When the method is entered, timing begins, and if no result is returned within the specified timeout, a TimeoutException is thrown. Therefore, the timeout logic on the consumer side is controlled by two parameters: timeout time and timeout times. For example, network exceptions and response timeouts will be retried until the number of retries is reached.

03 What problem is the timeout period Set to Solve?

What problem is RPC framework’s timeout retry mechanism designed to solve? From the macro perspective of microservice architecture, it provides frame-level fault tolerance to ensure the stability of service links. How do you think about it at the micro level? It can be seen from the following specific cases:

1. When the consumer invokes the provider, if the timeout is not set, the response time of the consumer will be greater than that of the provider. When the provider’s performance deteriorates, the consumer’s performance suffers because it must wait indefinitely for the provider to return. If the entire invocation link passes through multiple services A, B, C, and D, as long as the performance of D deteriorates, it will affect A, B, and C from bottom to top, and eventually cause timeout or even breakdown of the whole link. Therefore, it is necessary to set the timeout period.

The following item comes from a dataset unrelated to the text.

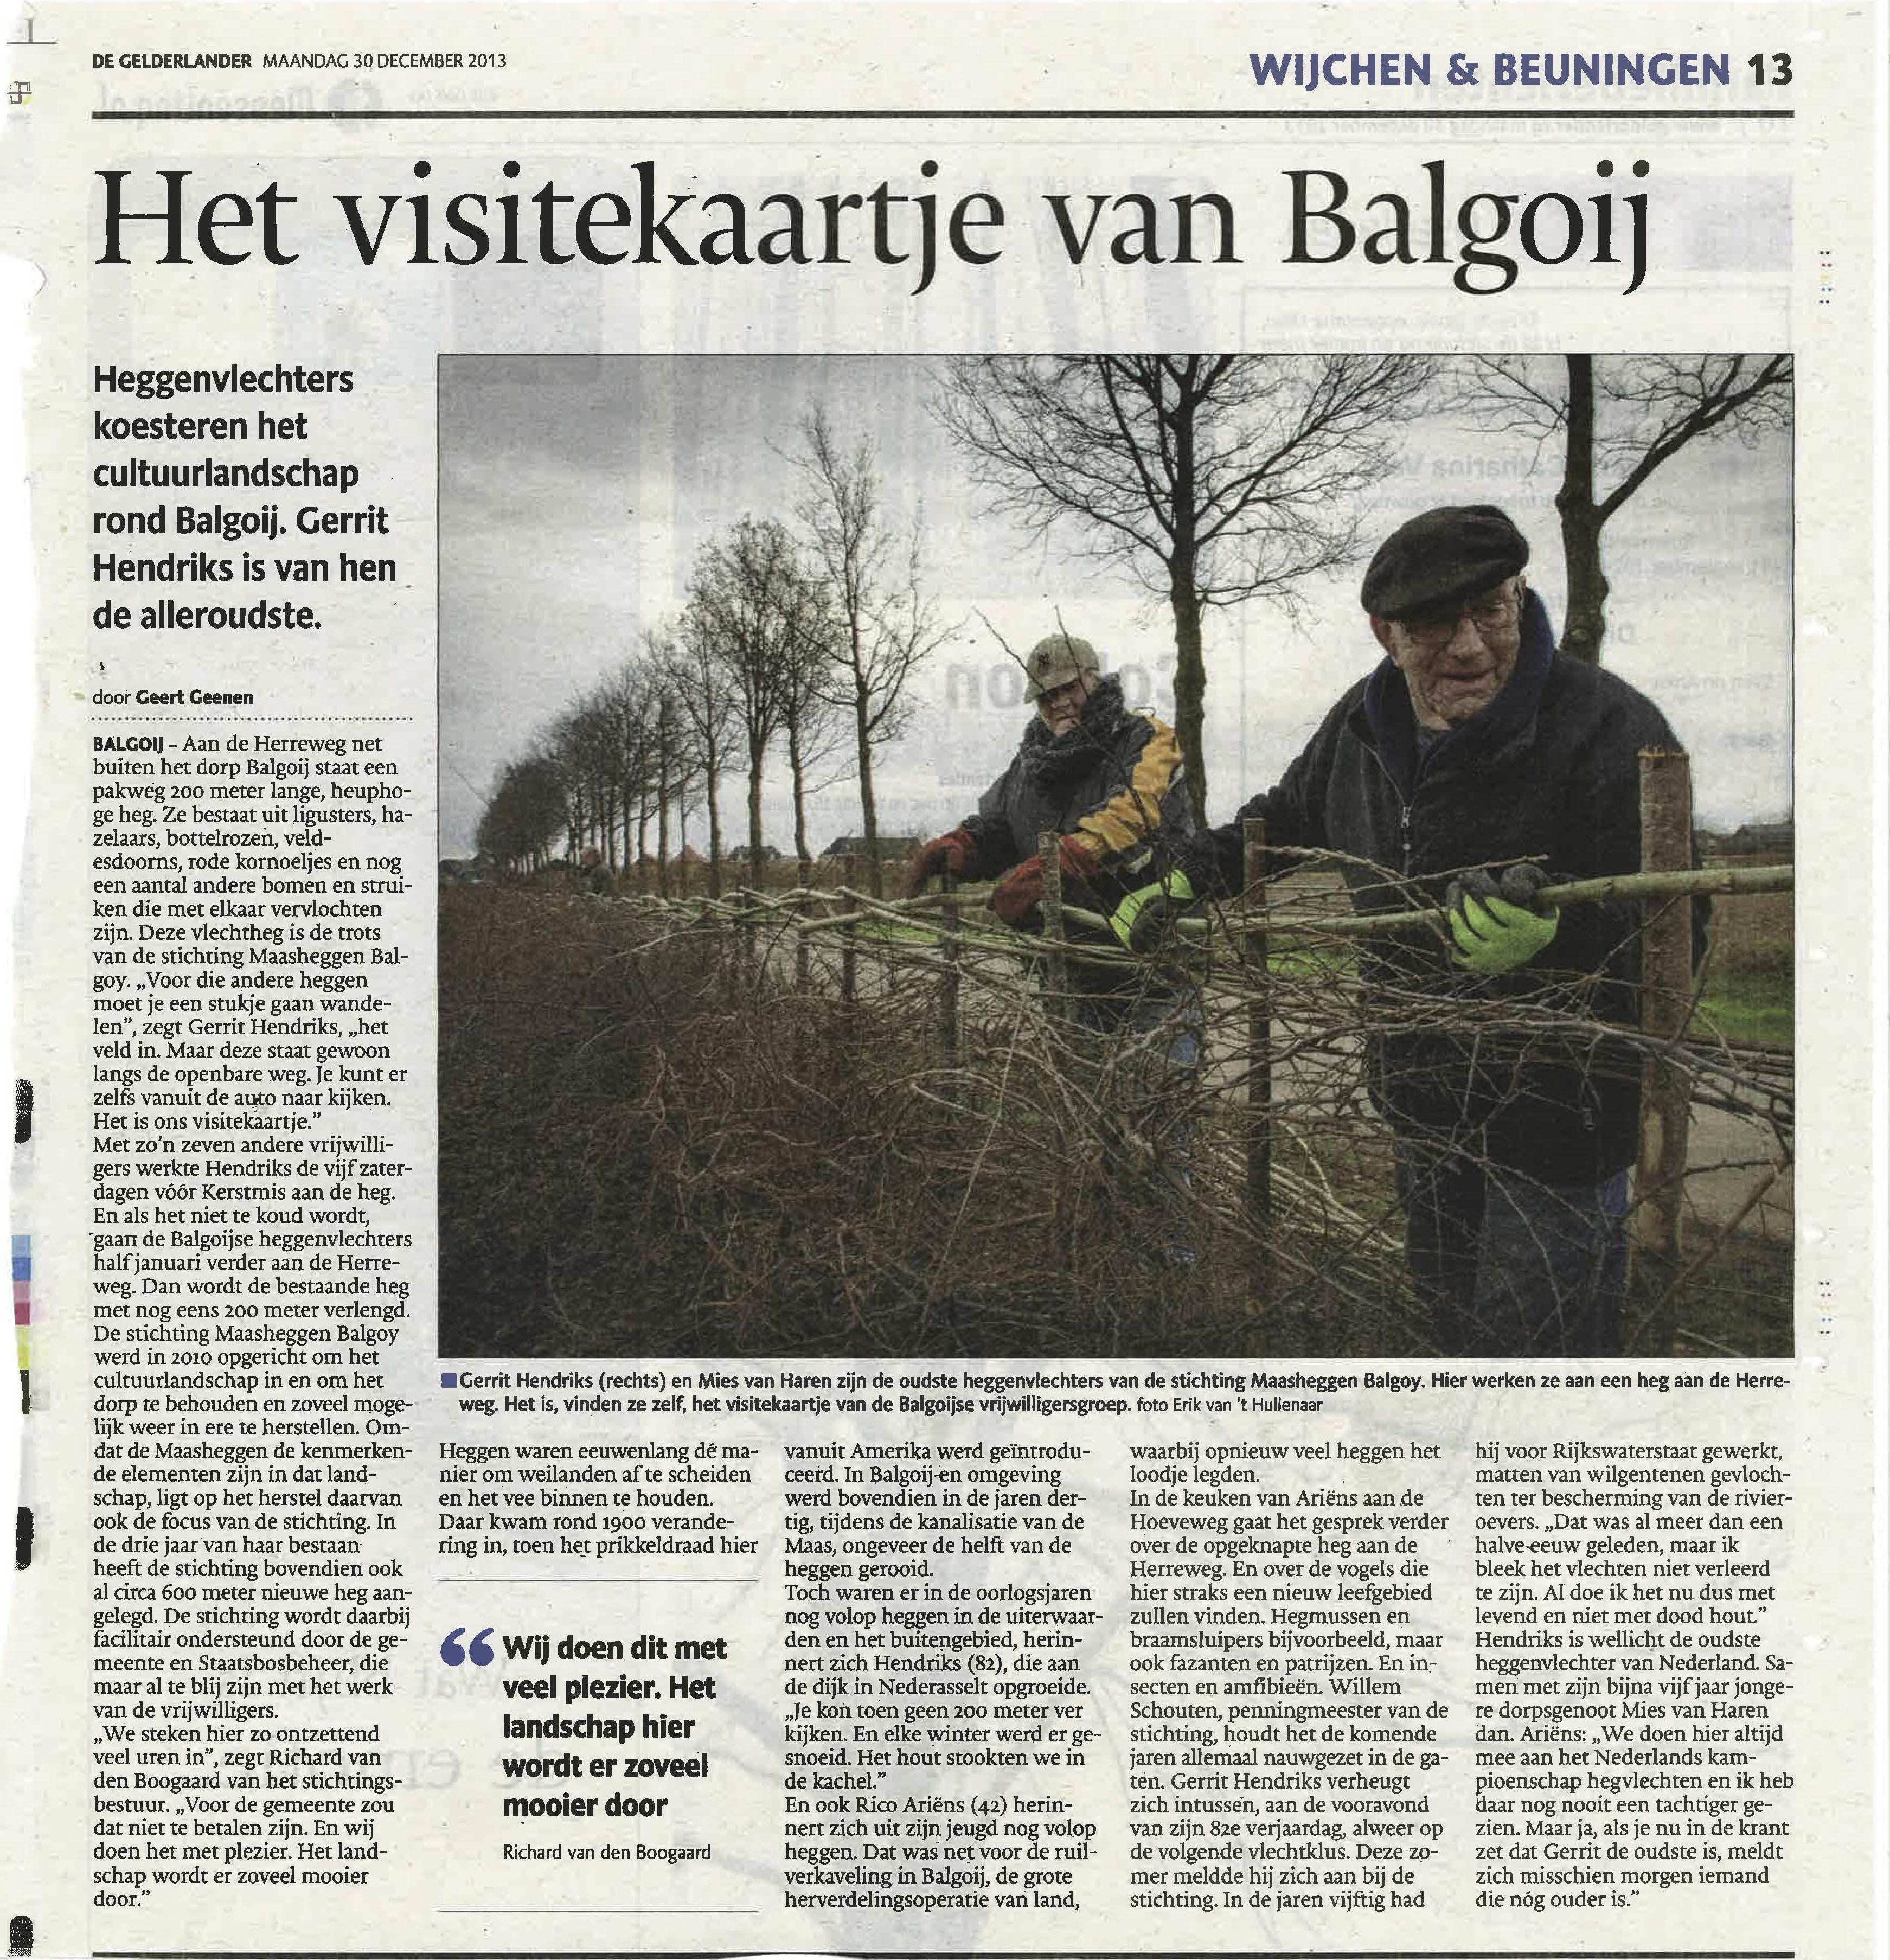 De Gelderlander, 30 dec 2013

2. Assume that consumer is the core commodity service and Provider is the non-core review service. When the evaluation service has performance problems, the commodity service can accept and not return the evaluation information, so as to ensure that it can continue to provide external services. In this case, a timeout period must be set so that when the evaluation service exceeds this threshold, the goods and services do not have to wait.

3. The provider may time out due to network jitter or heavy load on the machine. If the provider directly gives up after the timeout, services may be lost in some scenarios (for example, the inventory interface times out, leading to a failure to place an order). Therefore, temporary jitter can be saved by a retry after a timeout, so it is necessary to use a retry mechanism to resolve it.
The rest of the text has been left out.